To explain the evolutionary forces that shape this ancient (older than Human-Denisovan divergence) and very common allele (>50% frequency in most populations), we consider three scenarios. First, it is plausible that the LCE3BC deletion evolved under neutrality (eg, [30]). Indeed, in a recent study, we provided evidence that a neighboring gene, FLG, harbors neutrally evolving common loss-of-function variants [31]. In this scenario, we would expect the haplotype block carrying the deletion variant to show no significant deviation in tests of neutrality, when compared to neutral regions of the genome.

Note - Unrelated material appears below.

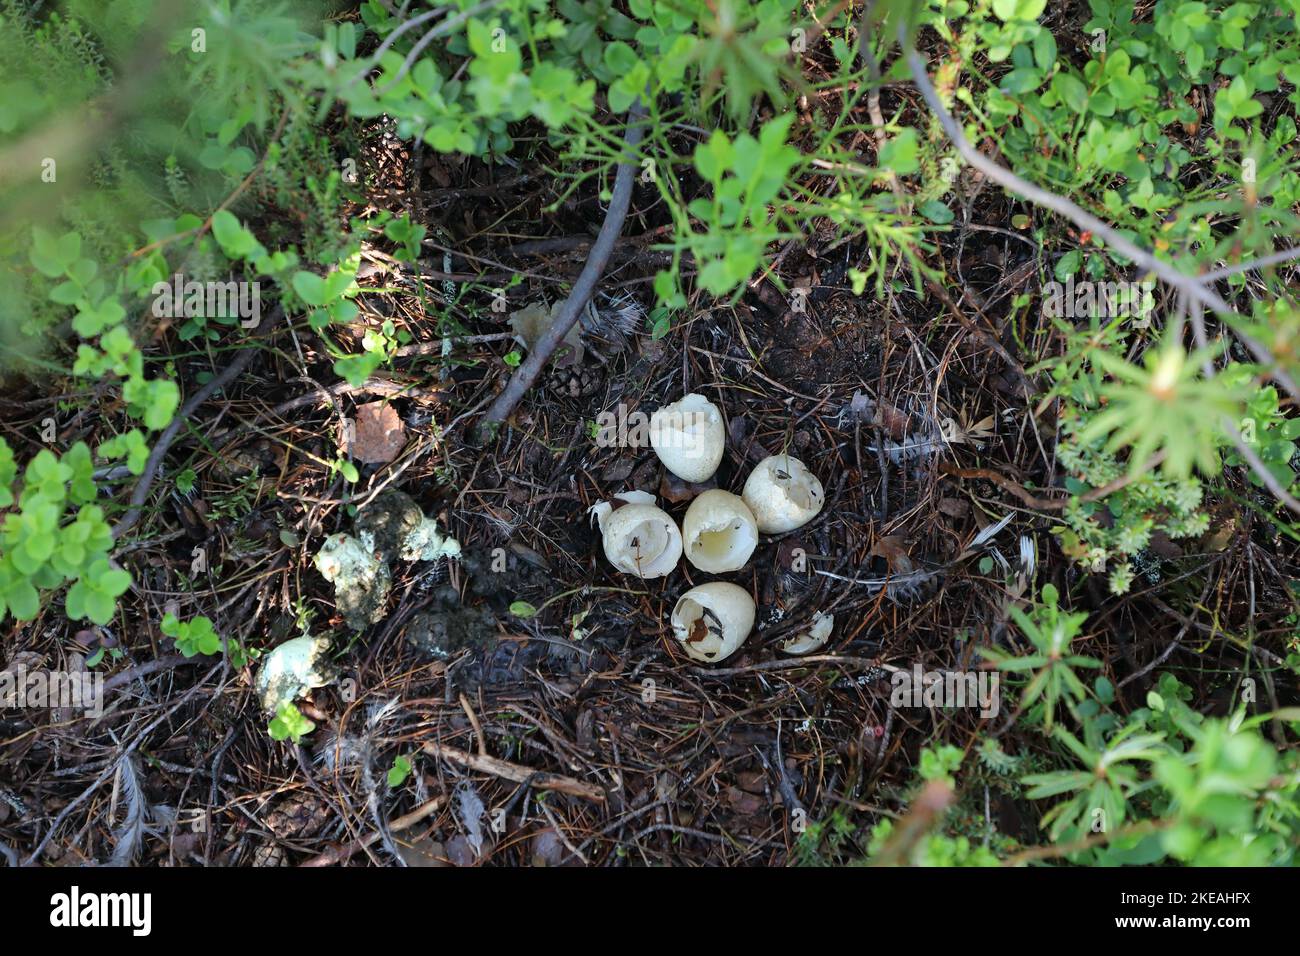 cappuccaille occidentale, gallo di legno (Tetrao urogallus), nido con gusci di uovo dopo la cova dei pulcini, Finlandia, Kajaani, Kainuu Foto Stock
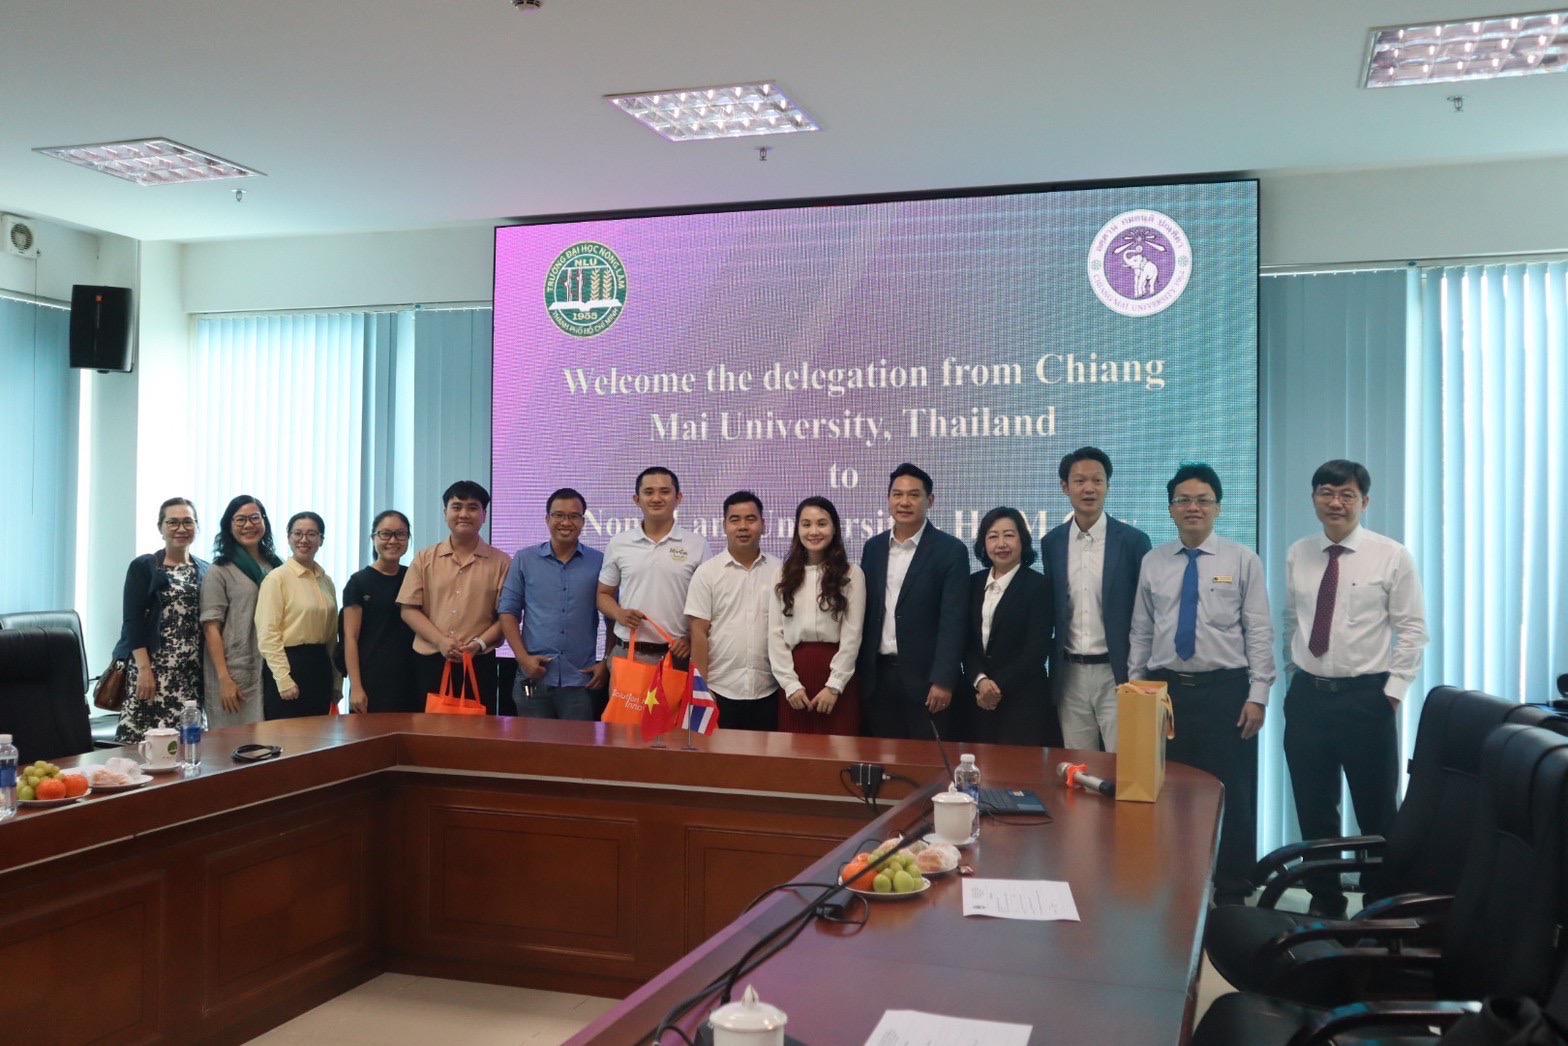 หารือความร่วมมือทางวิชาการกับ Nong Lam University

Second, we considered positive selection, which would increase the frequency of this variant in human populations. Such cases were reported for other loss of function variants [32]. In this scenario, we expect increased population divergence (F ST ) [33] and deviation from expected homozygosity (delta integrated homozygosity score (iHH)) [34], but reduced nucleotide diversity (π). Third, we considered balancing selection, where we expect high π and a deviation from the expected frequency site spectrum (eg, positive values of Tajima’s D).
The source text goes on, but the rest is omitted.